*The task*:
Would you transcribe the whole listing exactly and drop its images?

Dataset excerpt below:

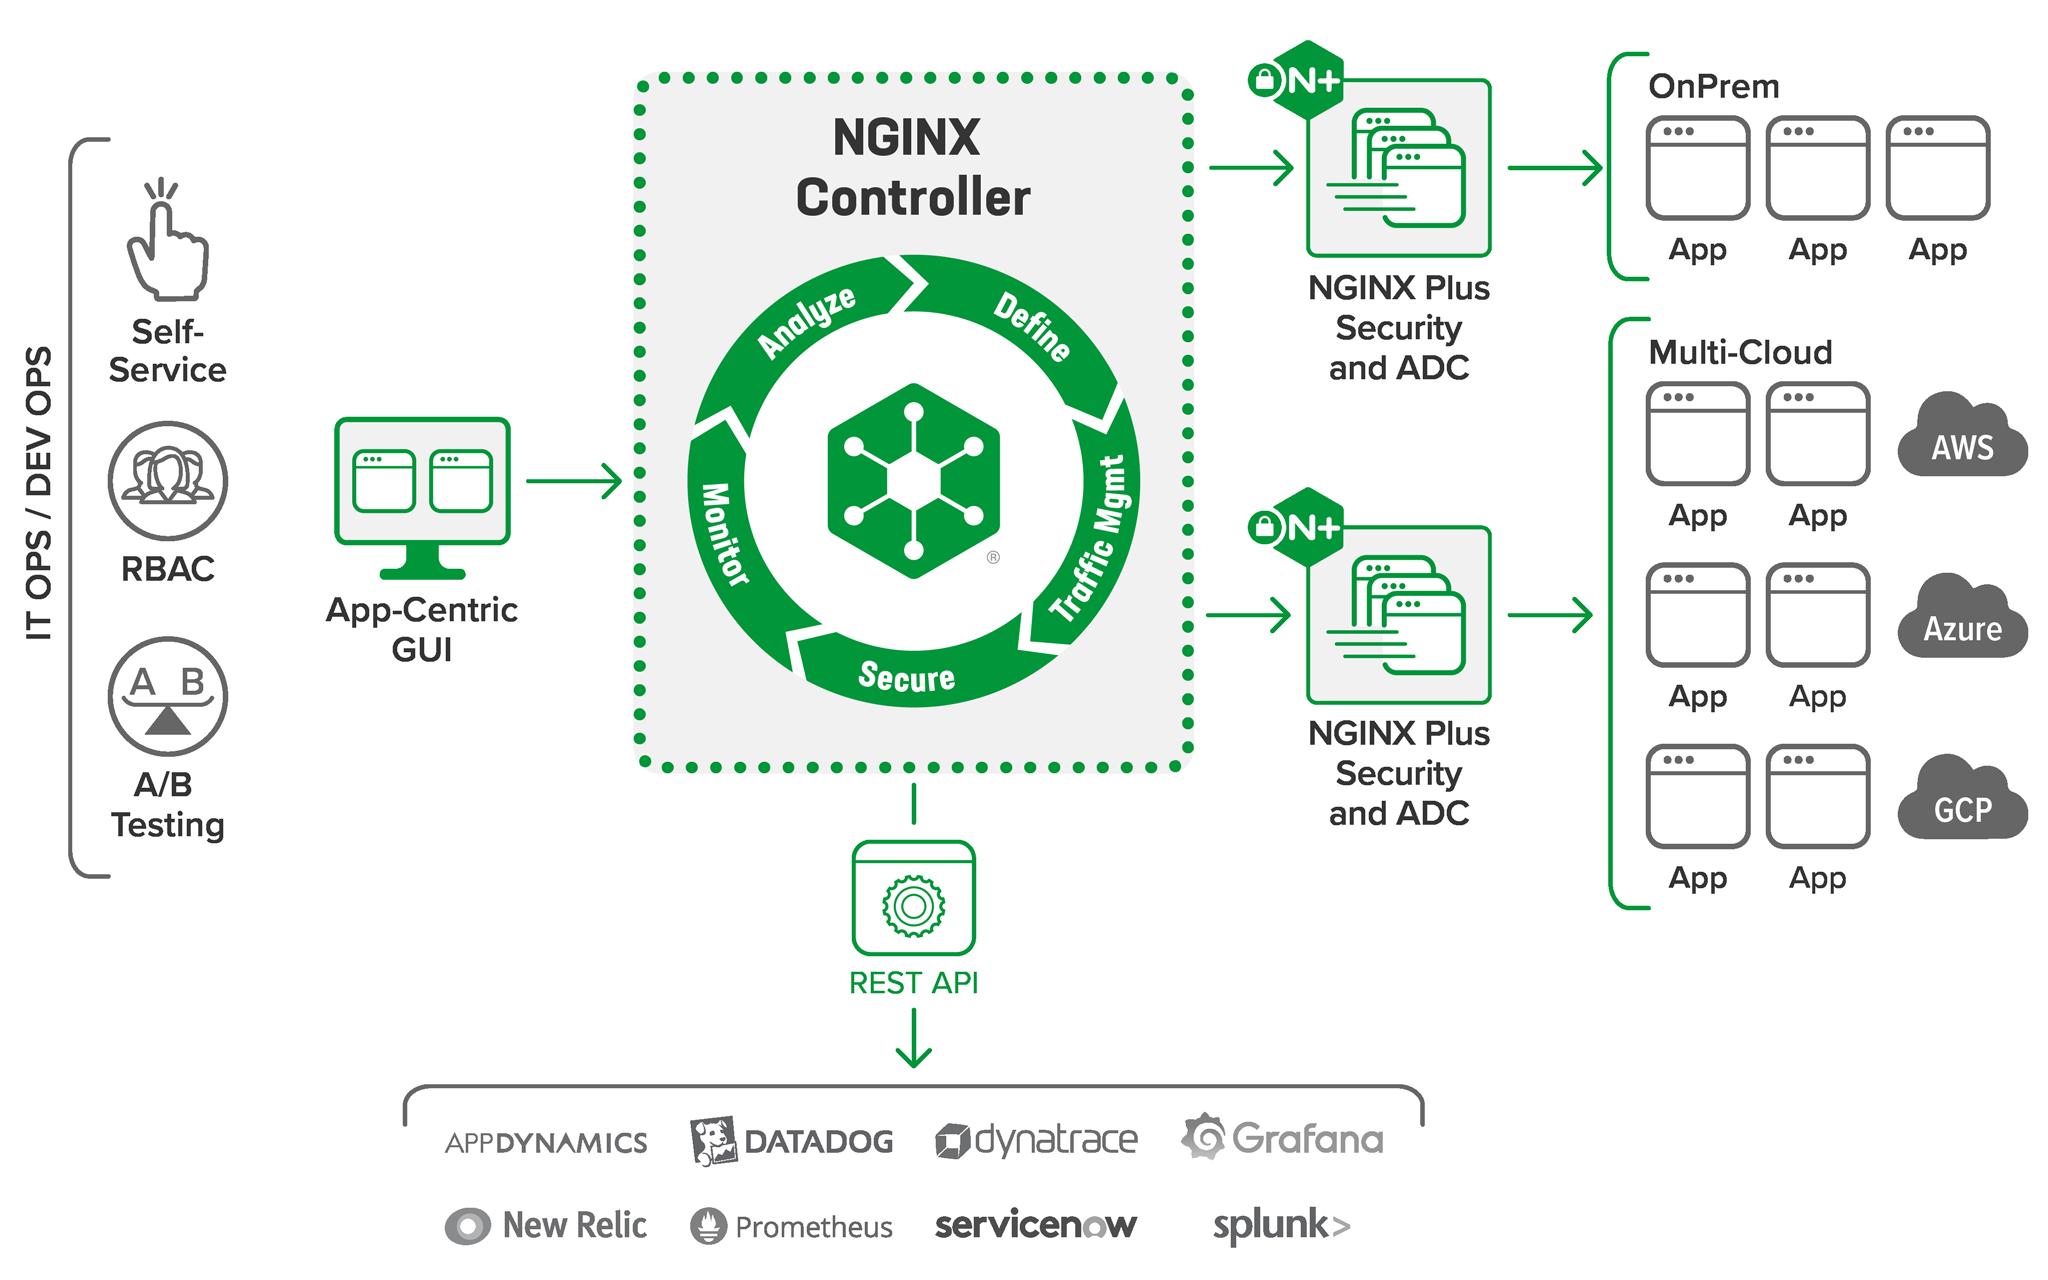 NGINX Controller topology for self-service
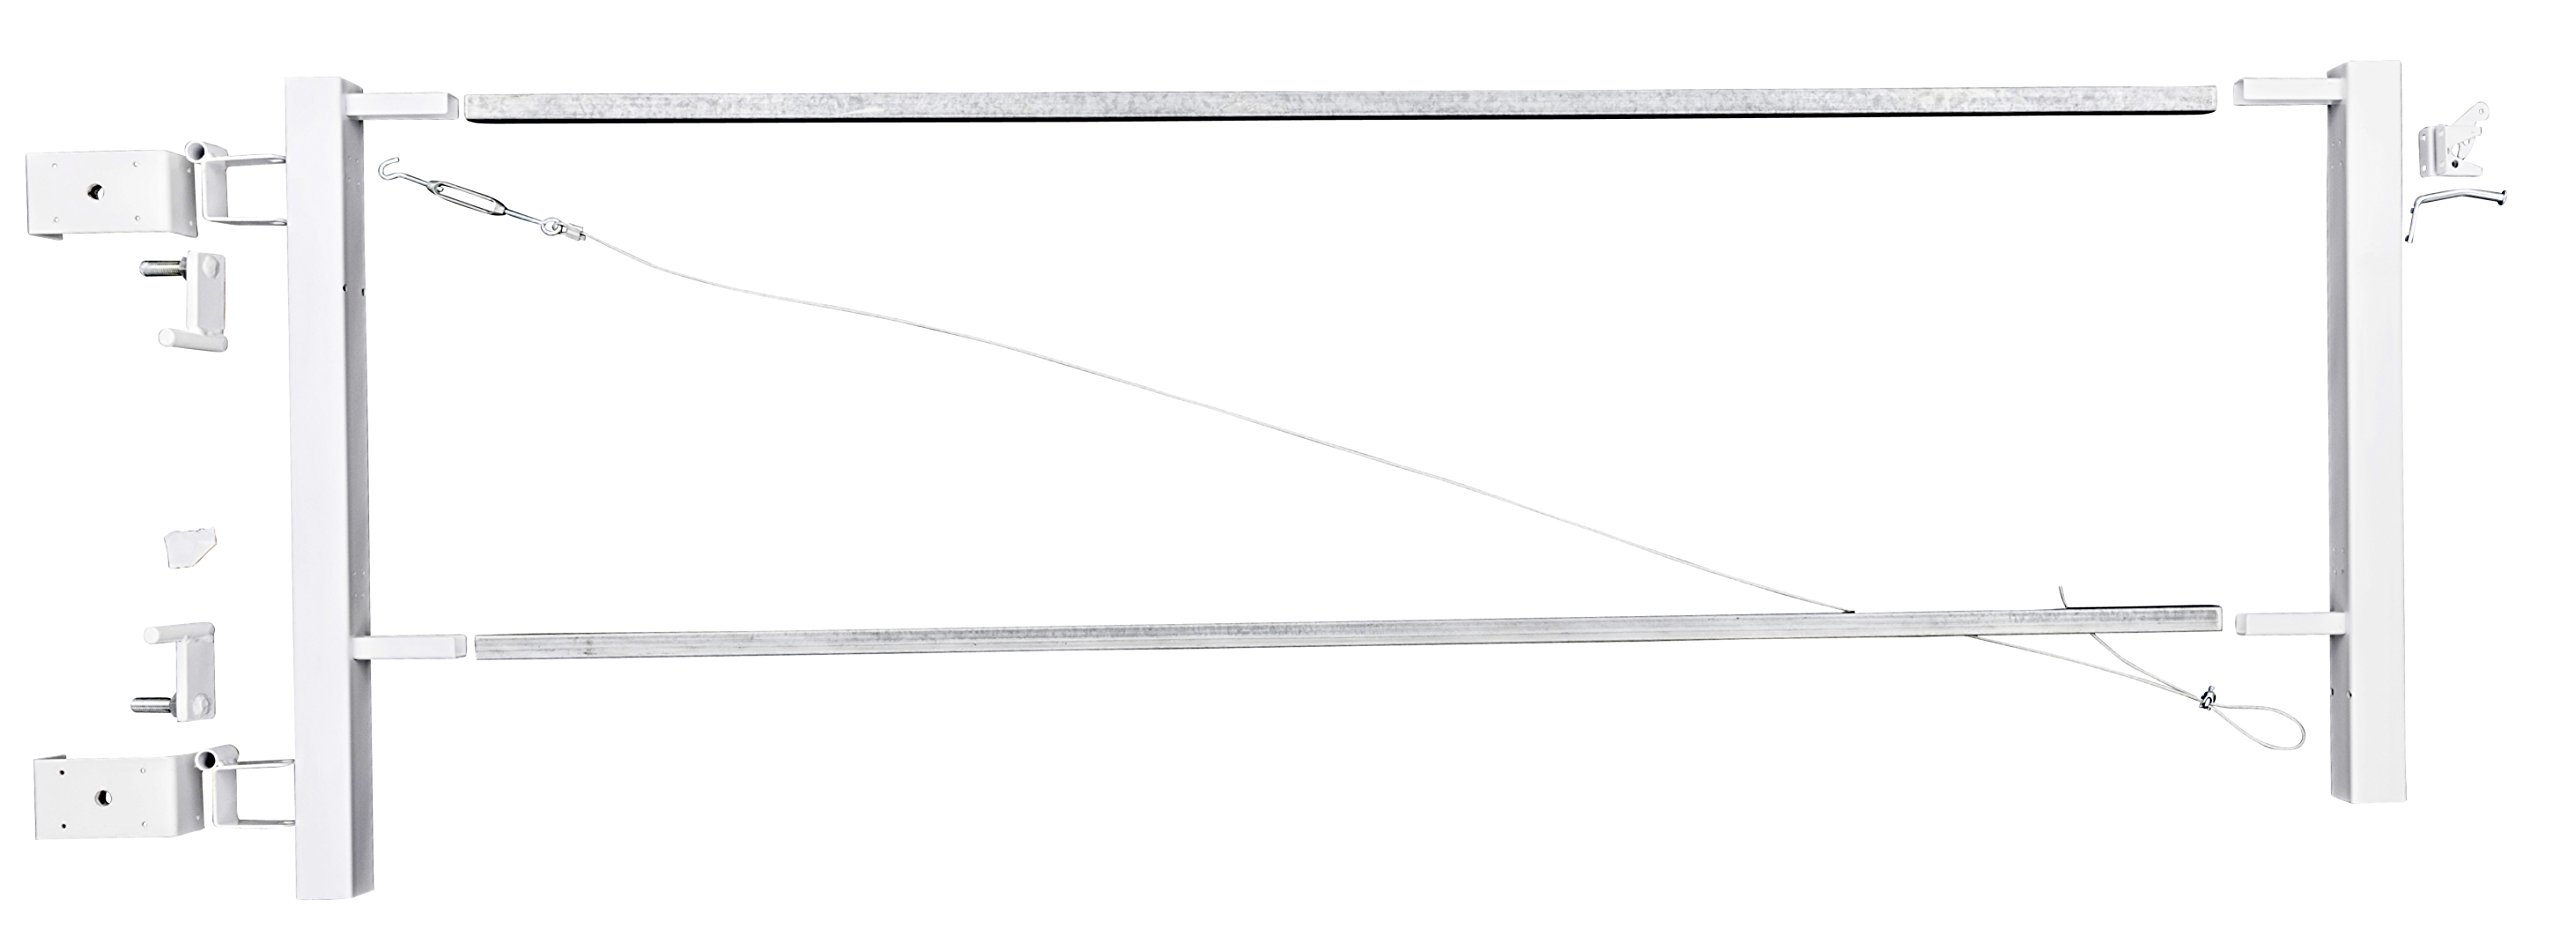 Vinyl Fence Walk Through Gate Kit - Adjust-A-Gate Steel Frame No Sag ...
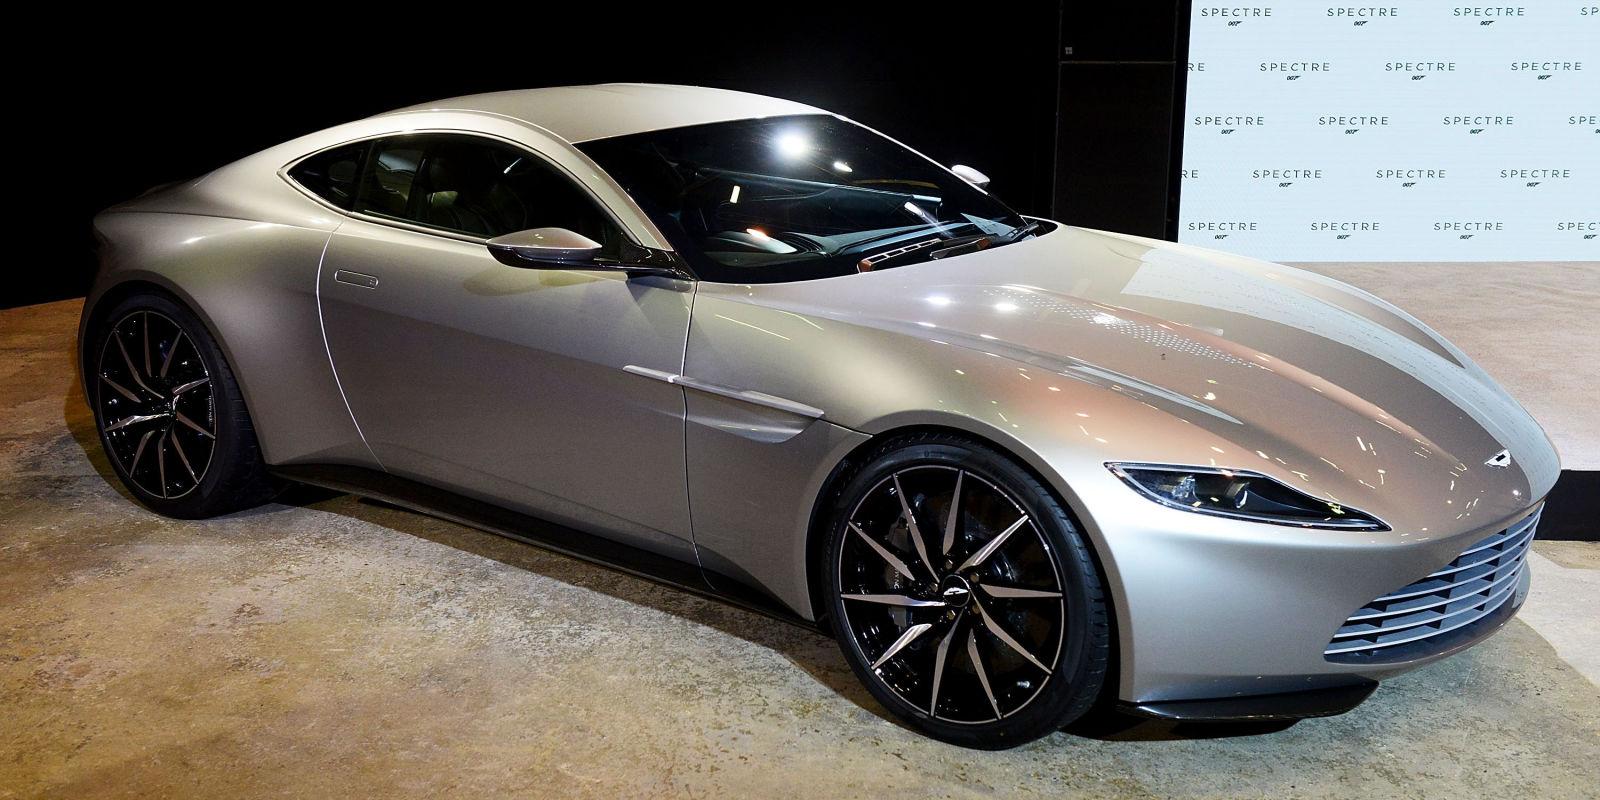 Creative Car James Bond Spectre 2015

End of Dataset excerpt.

*Your response*:
 NGINX Controller topology for self-service
 Vinyl Fence Walk Through Gate Kit - Adjust-A-Gate Steel Frame No Sag ...
 Creative Car James Bond Spectre 2015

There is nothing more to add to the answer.